Gema Georyadi, Founder dan CEO Astronacci mengatakan para trader yang ingin mengambil peluang dan keuntungan besar jangan mudah panik melihat kondisi penurunan tajam. Justru penurunan ini menjadi momentum terbaik untuk membeli saham.
Dia mengatakan, trader pelu mengambil keputusan dengan mengetahui kapan harga akan berbalik arah atau mencapai titik terendah. Salah satu caranya dengan memiliki trading dengan time trading analysis.
Kendati saham BBRI mengalami penurunan tajam dan cukup lama, Gema melihat BBRI berpotensi menguat didukung oleh rencana buyback saham BBRI senilai Rp 3 triliun.
Gema berharap, penurunan tajam di saham BBRI dapat segera berakhir. Harapannya para trader dan investor dapoat mengambil keuntungan pada momentum saat tersebut.
Sama seperti Gema, Analis Bareksa Ariyanto Dipo Sucahyo dan Abdul Malik mengatakan startegi Buy The Dip di saham-saham Big Banks seperti BBRI untuk tetap membeli sham BBRI.
Tercatat sejak pukul 10.40 pada 28 Februari 2025, saham BBRI mengalami penurunan 15,69 persen menjadi Rp 3.430 per saham. Hal ini sejalan dengan gejolak berat terhadap OHSG yang dibayangi oleh penerapan tarif dagang oleh Presiden Amerika Serikat Donld Trump kepada China, Kanada, dan Meksiko.
“Tarif tinggi mengakibatkan kenaikan harga barang dan mengerekj inflasi terutama di AS. Inflasi tinggi mmebuat penurunan suku bunga The Federal Reserve mengecil dna kurs dolar AS tetap kuat, sehingga menarik arus dana dari pasar global ke negeri Paman Sam,” mengutip Tim Analis Bareksa.
Melihat peluang saat ini, Tim Analis Bareksi menilai butuh waktu 35-72 hari perdagangan dari level terendah sampai pembalikan arah ke level tertinggi dan retrun di atas 15 persen, seperti halnya yang pernah terjadi pada 2026.

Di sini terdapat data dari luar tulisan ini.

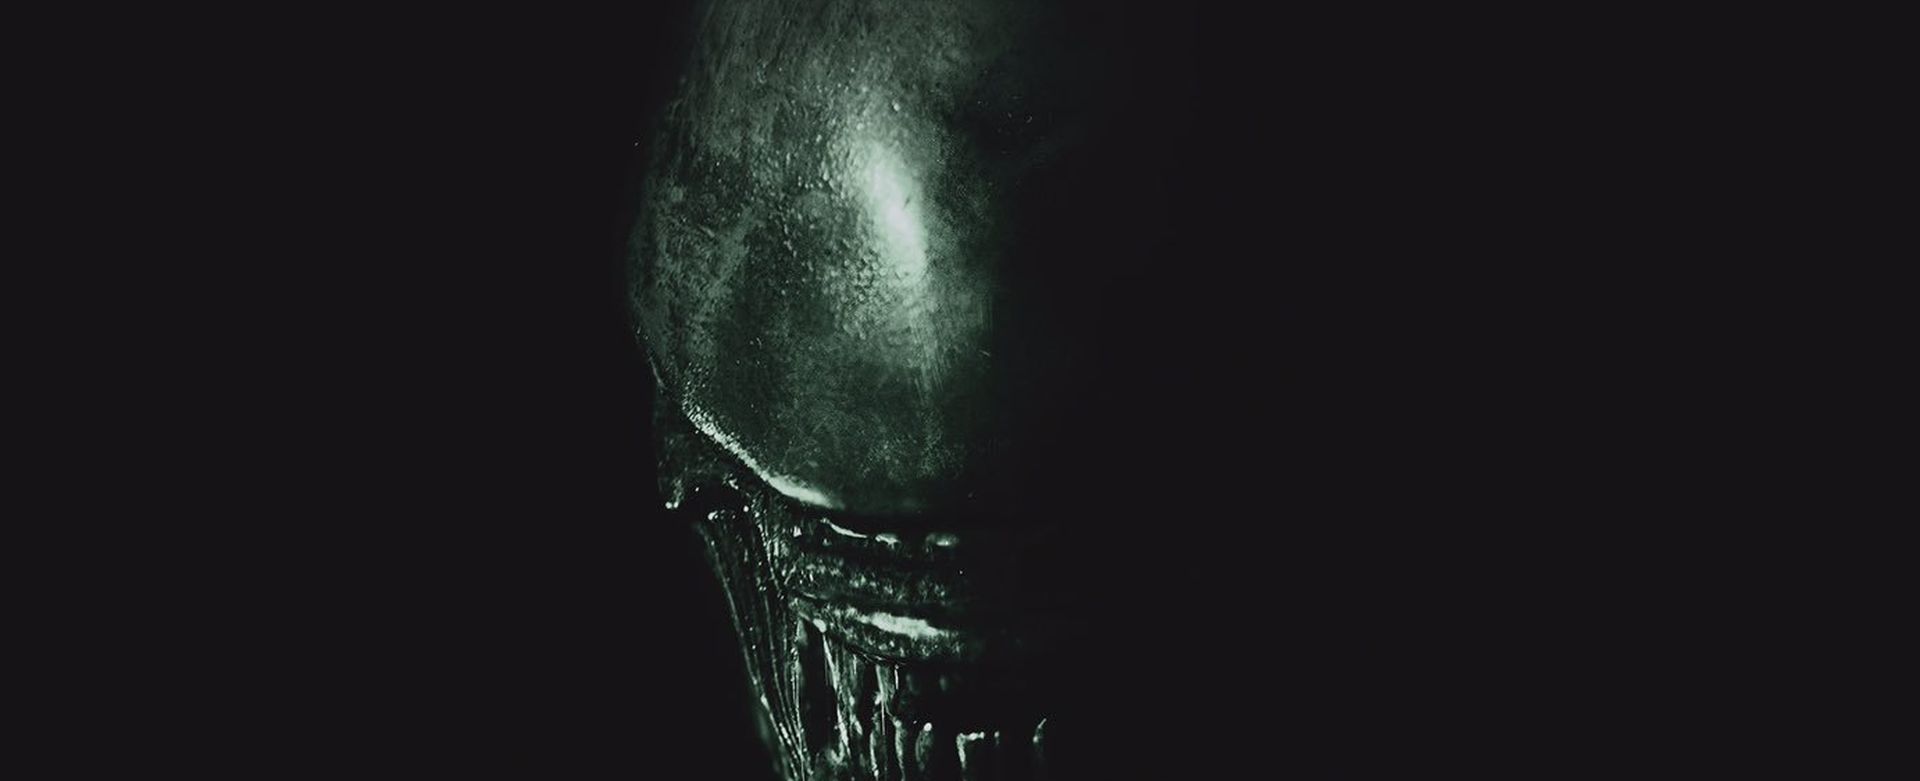 Alien: Covenant - 2D | 18/05/17
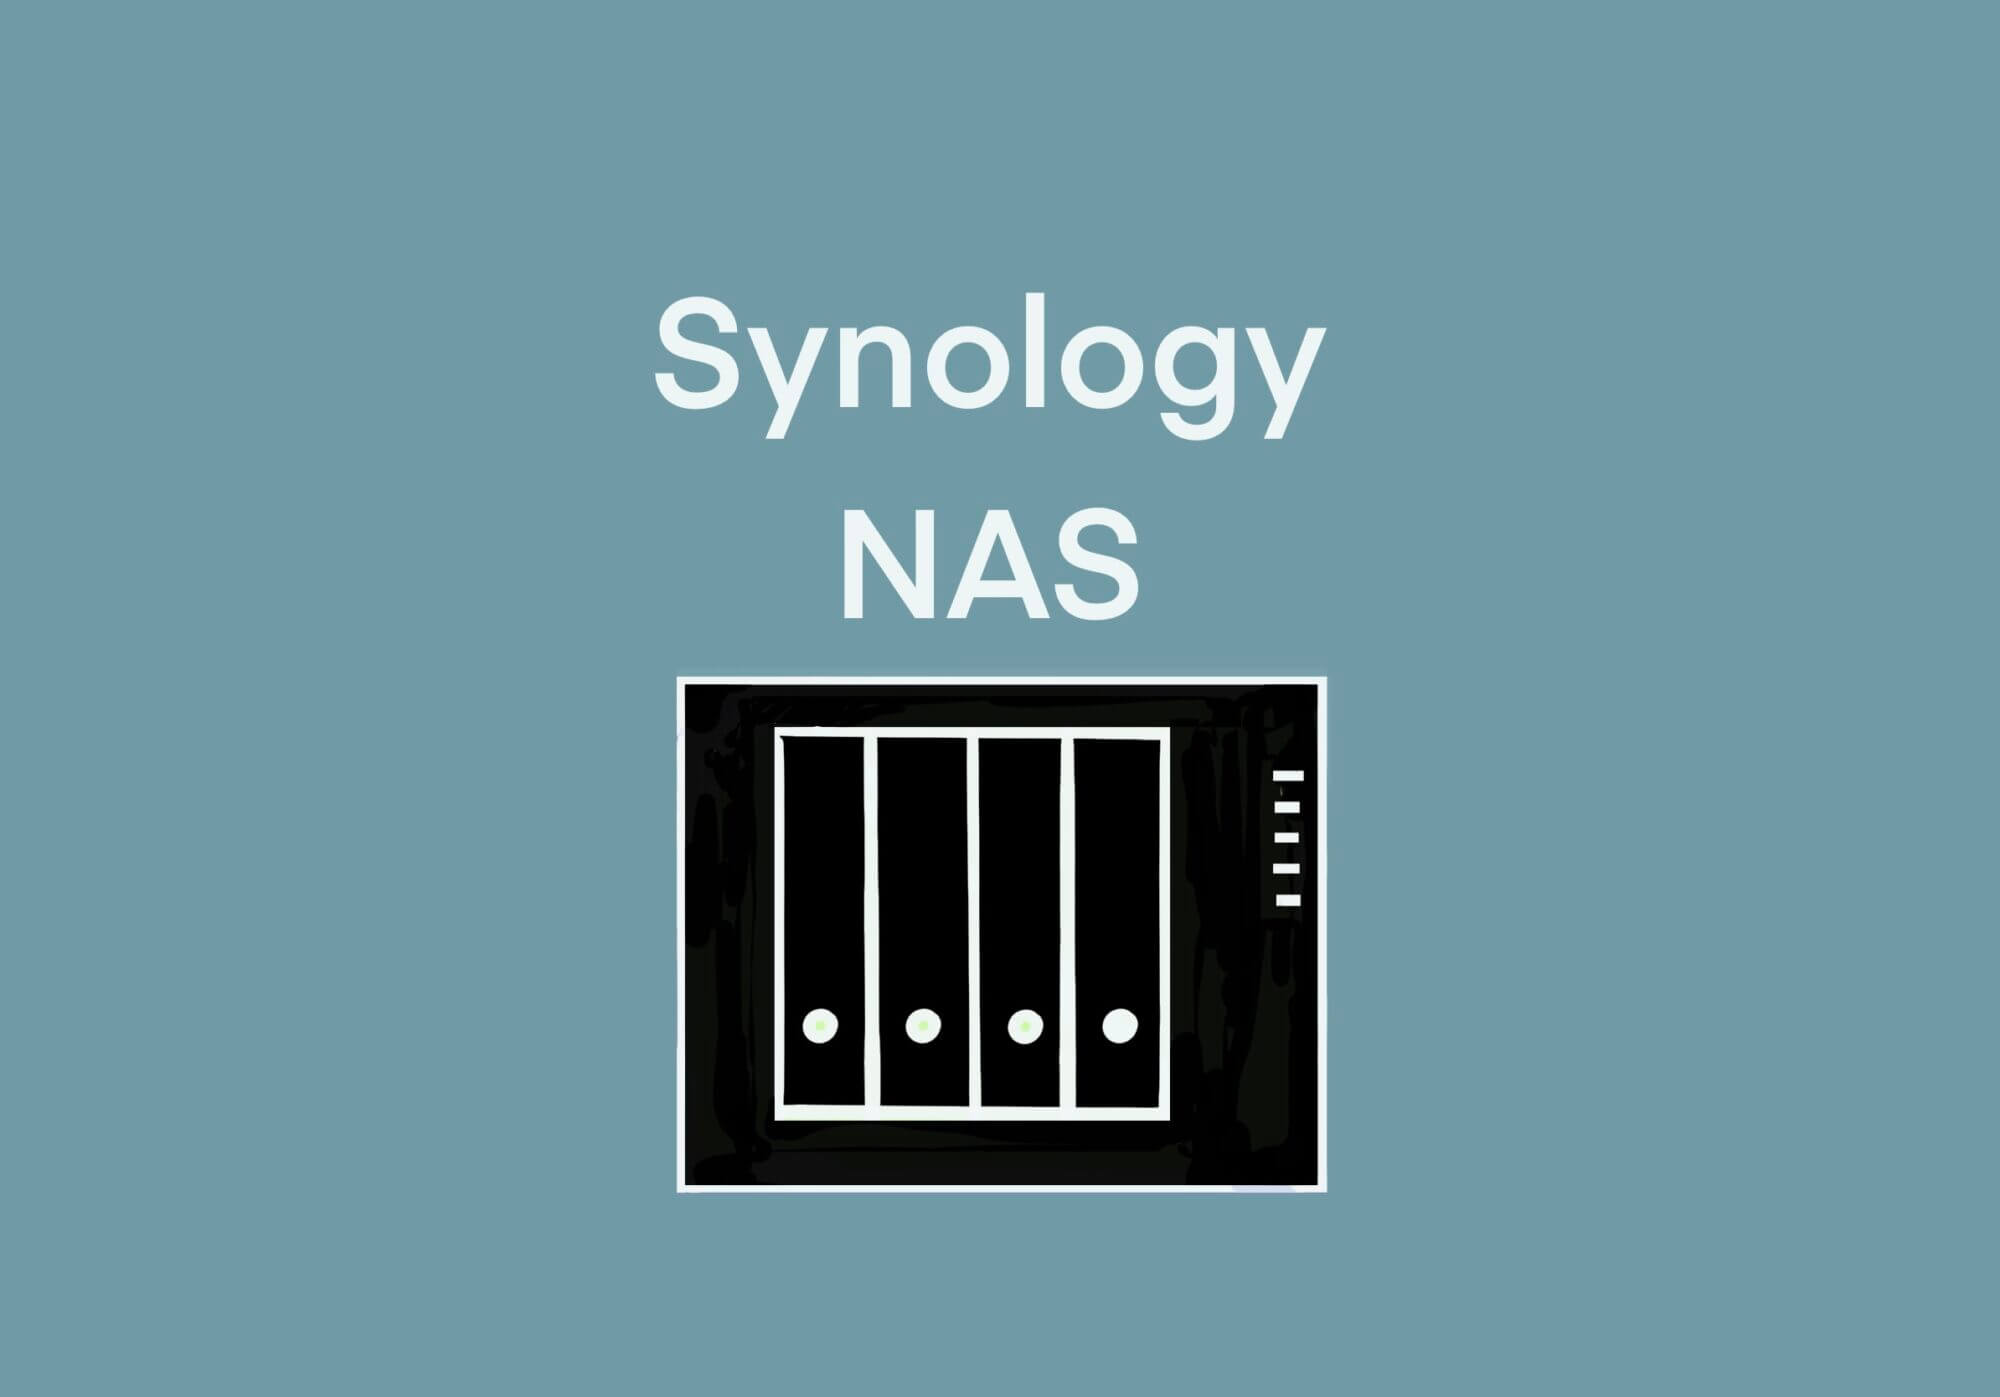 [Synology] NASのネットワークツールからWOLを発信してと思ったが、ルーターはRT2600acなので、iPhone用のアプリDS ROUTERの wake on LAN から自宅のPC/ビデオレコーダー等を起動する [2021/06/19] ID508

Saham BBRI direkomendasikan beli dengan target harga 2025 di Rp 5.650 per saham. Dengan potensi kenaikan mencaai 54 % point-to-point.
Kendati demikian, Tim Anlis Bareksa tetap mengingatkan investor agar waspada terhadap risiko saham seperti capital lost akibat fluktuasi pasar yang dipengaruhi oleh kondisi ekonomi dan kinerja perusahaan.